The “myth is that our allies are making us poor by free-riding on our military expenditures,” the late Gen. William Odom, former director of the National Security Agency, observed. Countering NATO’s critics in his day—and the America First caucus of today—he asked, “How are we to explain that the United States has gotten richer than its allies? Proponents of this argument cannot explain why. They fail to realize that our military alliances, by lowering transaction costs, have facilitated the vast increases in international trade from which the United States profits enormously.”
To borrow a popular phrase, NATO isn’t a “bad deal” for America. Giving Western Europe’s free governments and free economies the space to rebuild created markets for U.S goods and services; bolstered Western Europe against communism; laid the foundation for a European free-trade zone; and transformed Europe from an incubator of world wars into a partnership of prosperity. Forging a free Germany and bringing it under the NATO umbrella rechanneled its energies away from military expansion—and reassured its neighbors. Nurturing free-market democracies in Eastern Europe and welcoming them into the NATO fold rescued them from devolving into failed states and shielded them from the hell Ukraine is enduring.
Concerns
President George H.W. Bush compared NATO to “an insurance policy… against the kinds of conflagrations that we’ve seen in the past.”
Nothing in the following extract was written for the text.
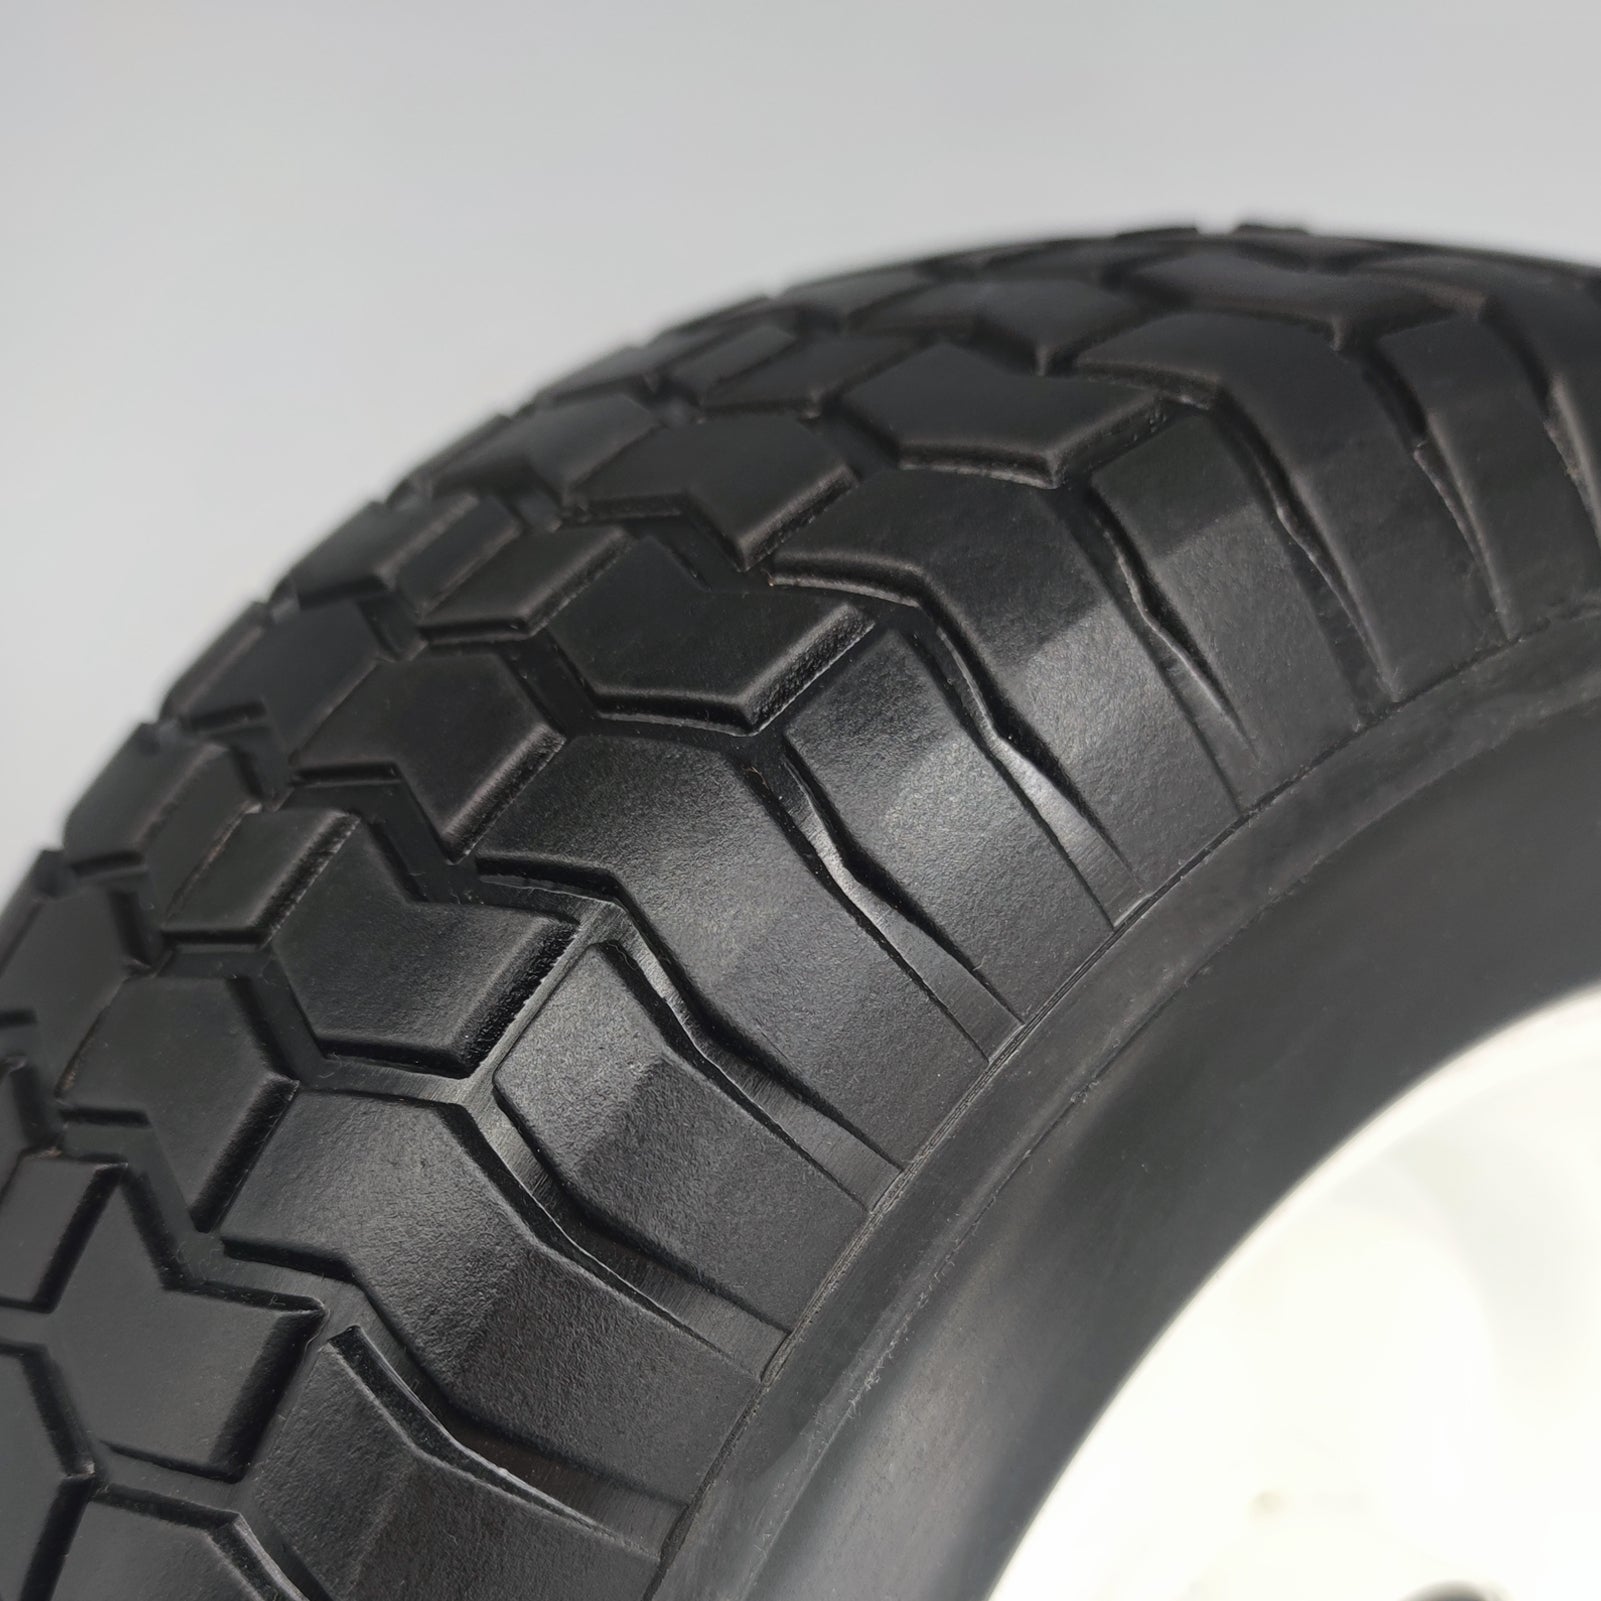 Flat Free 16x6.50-8 Lawn Mower Tire, 1" Bearings, 3" Hub - RelaxHome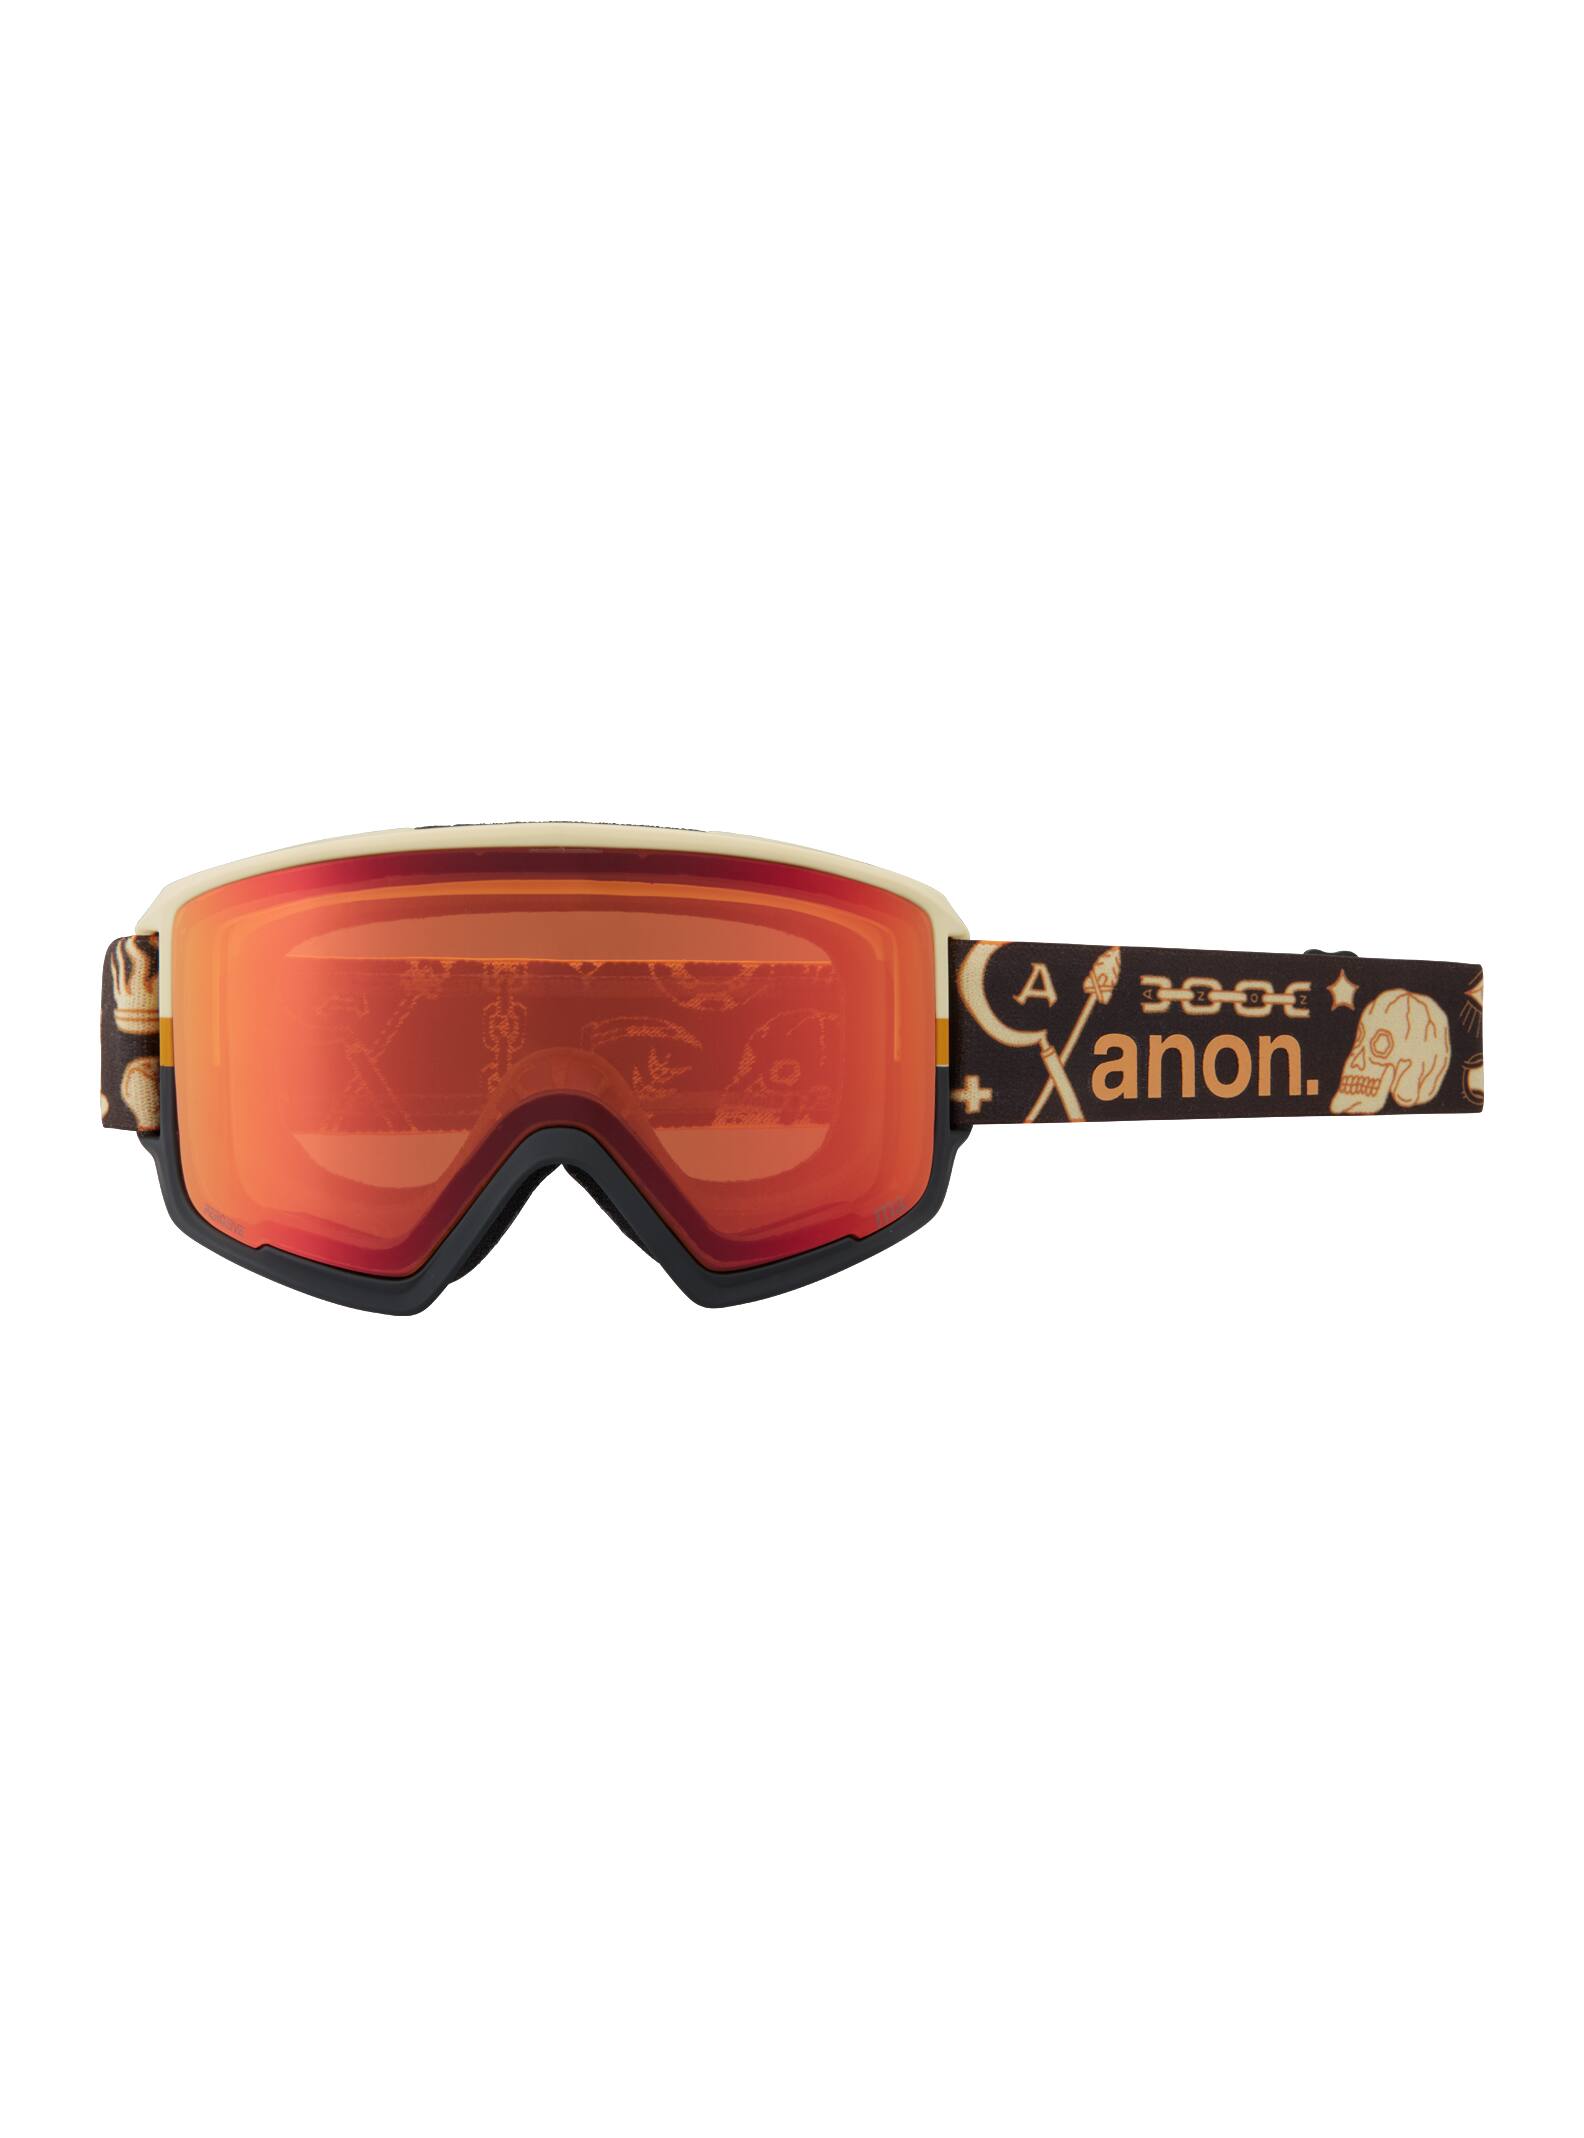 Snowboard and Ski Goggles & Lenses | Burton Snowboards DK

For the U.S., NATO serves as a hedge against disaster and diminishes the likelihood of the very worst of the worst-case scenarios: another European conflict triggering another global war. For the rest of the alliance, NATO is a security guarantee backed by the United States. Without that guarantee, there’s no security, as history has a way of reminding those on the outside looking in, from Cold War Hungary to post-Cold War Ukraine.
Like all insurance policies, there are costs associated with NATO. IISS estimates that U.S. expenses for defense in Europe range between 5.1 per cent and 5.5 per cent of the Pentagon’s budget. For FY2026, that translates into $44.6 billion, which is a lot of money. However, too many Americans overlook what’s gained in exchange for that insurance premium: an outer ring of security, diplomatic and military partnerships that bolster U.S. power, a Europe reinforced against invasion, and, as discussed, the vast economic benefits that flow from these realities.
All of this raises concerns about Washington’s recent approach to NATO. The Trump administration has engaged in military coercion against Denmark and economic coercion against Canada; informed NATO’s eastern flank of plans to phase out funding for military hardware where it’s most needed; publicly berated allies; stood aside when Poland came under Russian drone attack; reduced the number of assets available to NATO and in Europe; and questioned the need for NATO. Members of Congress have even introduced legislation to withdraw from NATO.
If the people behind these policies think it’s difficult (and expensive) to deter our enemies, protect our interests, and promote our prosperity with NATO intact, wait until it’s gone.